Combining Lemmas 1 and 2, we get that the total additional delay suffered by a flit of  $f_{q,i}$  due to both deflections and buffering is upper bounded  $h_b^i(x_{q,i}^d,y_{q,i}^d) \times cost$ , thus proving Equation (1).

## E. Discussion about the network latency

The timing behavior of IPDeN is deterministic. The timing analysis proposed in Section V-D only utilizes information of the flit under analysis and does not use any information from other flows that may traverse the network. Hence, this analysis is useful for applications with dynamically varying workload and timing properties. IPDeN provides predictable performances to those applications without any need to overprovision or dynamically reconfigure the network. Injection time however may vary with the workload. Nonetheless, this could be addressed by adding leaky buckets at each network input to limit the maximum bandwidth that may be claimed by each PE and/or communication flow.

# VI. EXPERIMENTAL RESULTS

# A. Implementation of IPDeN

We implemented IPDeN with the hardware description language Verilog. We synthesized a single router of IPDeN for flits of 64 bits. The target platform was a Xilinx Virtex-7 485T FPGA. A 64-bits IPDeN router required 471 LUTs and 715 Flip-Flops (FFs). This corresponds to only 0.16% and 0.12% of the total number of LUTs and FFs available in the target FPGA, respectively.

TABLE II RESOURCES UTILIZATION OF ONE ROUTER.

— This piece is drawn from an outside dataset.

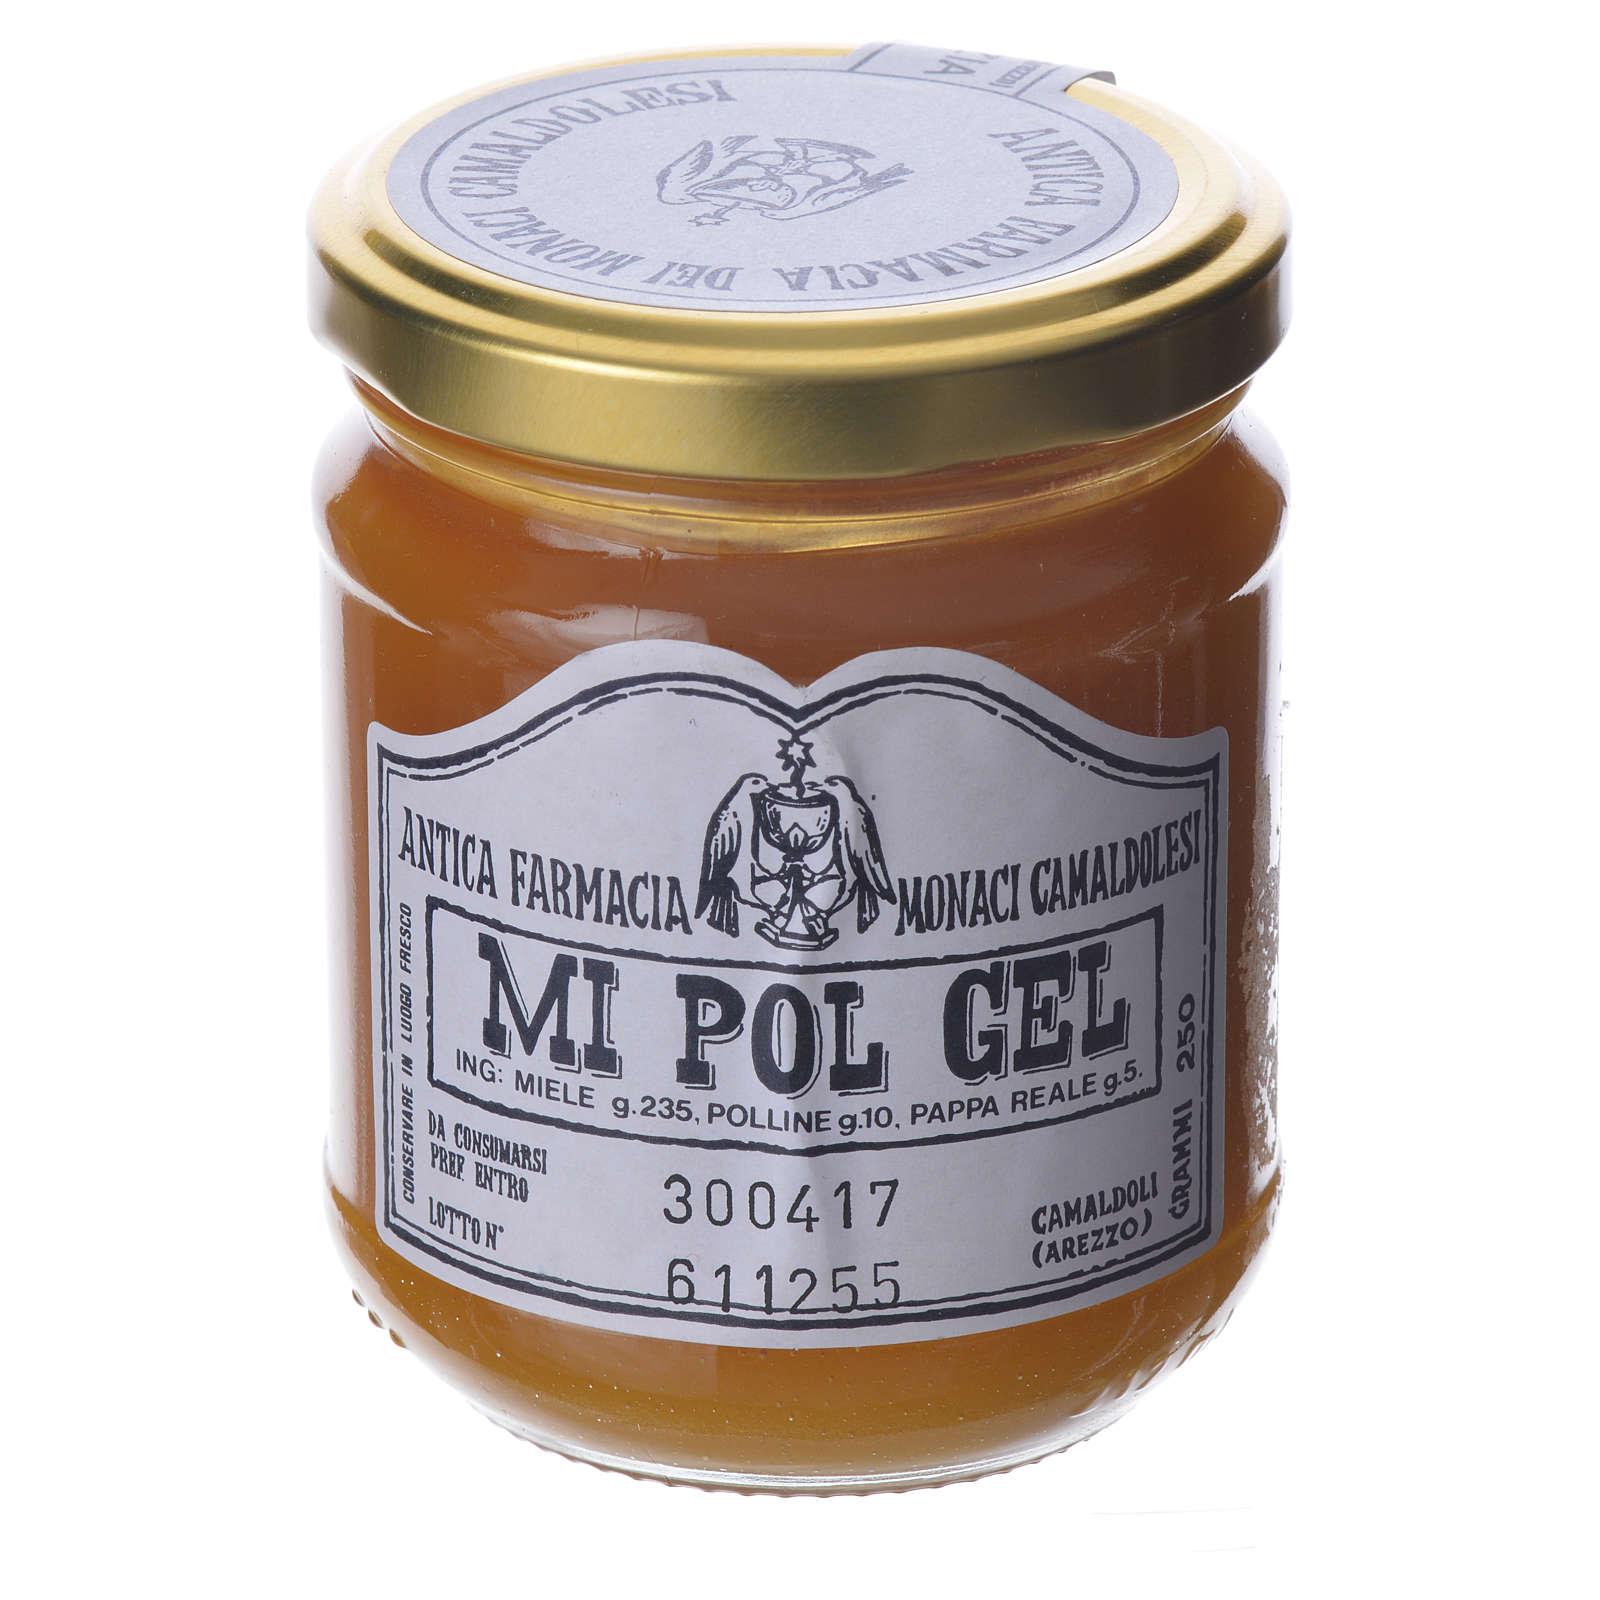 MI POL GEL , honey pollen and royal jelly preparation of Camaldoli 250 cm 3

| NoC  | VC-based  | HopliteBuf | IPDeN |
|------|-----------|------------|-------|
| LUTs | 1300-1574 | 402        | 471   |

We compared the hardware resource utilization with HopliteBuf [7], our closest competitor (as it is, as far as we know, the most recent solution for in-order packet delivery inspired by a deflection based routing policy), and three VCbased NoCs: CONNECT [13], IDAMC [20], and ProNoC [12] (see Table II). According to [13] and [20], a single router of CONNECT and IDAMC requires approximately 1500 and 1300 LUTs, respectively. A ProNoC router with two VCs requires 1574 LUTs. Comparatively, a router of HopliteBuf requires 402 LUTs. Therefore, IPDeN needs three times less resources than VC-based solutions. It is, however, 20% more expensive than HopliteBuf (in terms of LUTs utilization), but IPDeN uses smaller buffers, which is an advantage in terms of silicon footprints and power consumption. The size of IPDeN's buffers is also fixed, while those of HopliteBuf depend on the properties of the application using the network.

# B. RTL simulations

In this section, we provide experimental results by performing cycle-accurate simulations. We used an HDL Verilog implementations of a 4x4 IPDeN and a 4x4 HopliteBuf NoC. We generated sets of flows according to a random traffic pattern. We configured each PE to inject one, two, or three flows into the network. The destination coordinates of each flow was randomly generated using a uniform probability distribution. The inter-arrival time  $T_{q,i}$  of each flow was randomly selected within the set {100, 200, ..., 900}. The utilization of each PE was randomly chosen within the interval  $[U_{bound} - 5\%, U_{bound}]$ , where  $U_{bound}$  is a parameter of the experiment. The utilization  $U_{q,i}$  of each flow was generated using the method described in [3]. The number of flits  $C_{a,i}$  in each packet is determined by multiplying the flow's utilization  $U_{q,i}$  by  $T_{q,i}$ . The flit size was set to 64 bits. Each value reported in Fig. 4 and 5 is the result of running 20 experiments.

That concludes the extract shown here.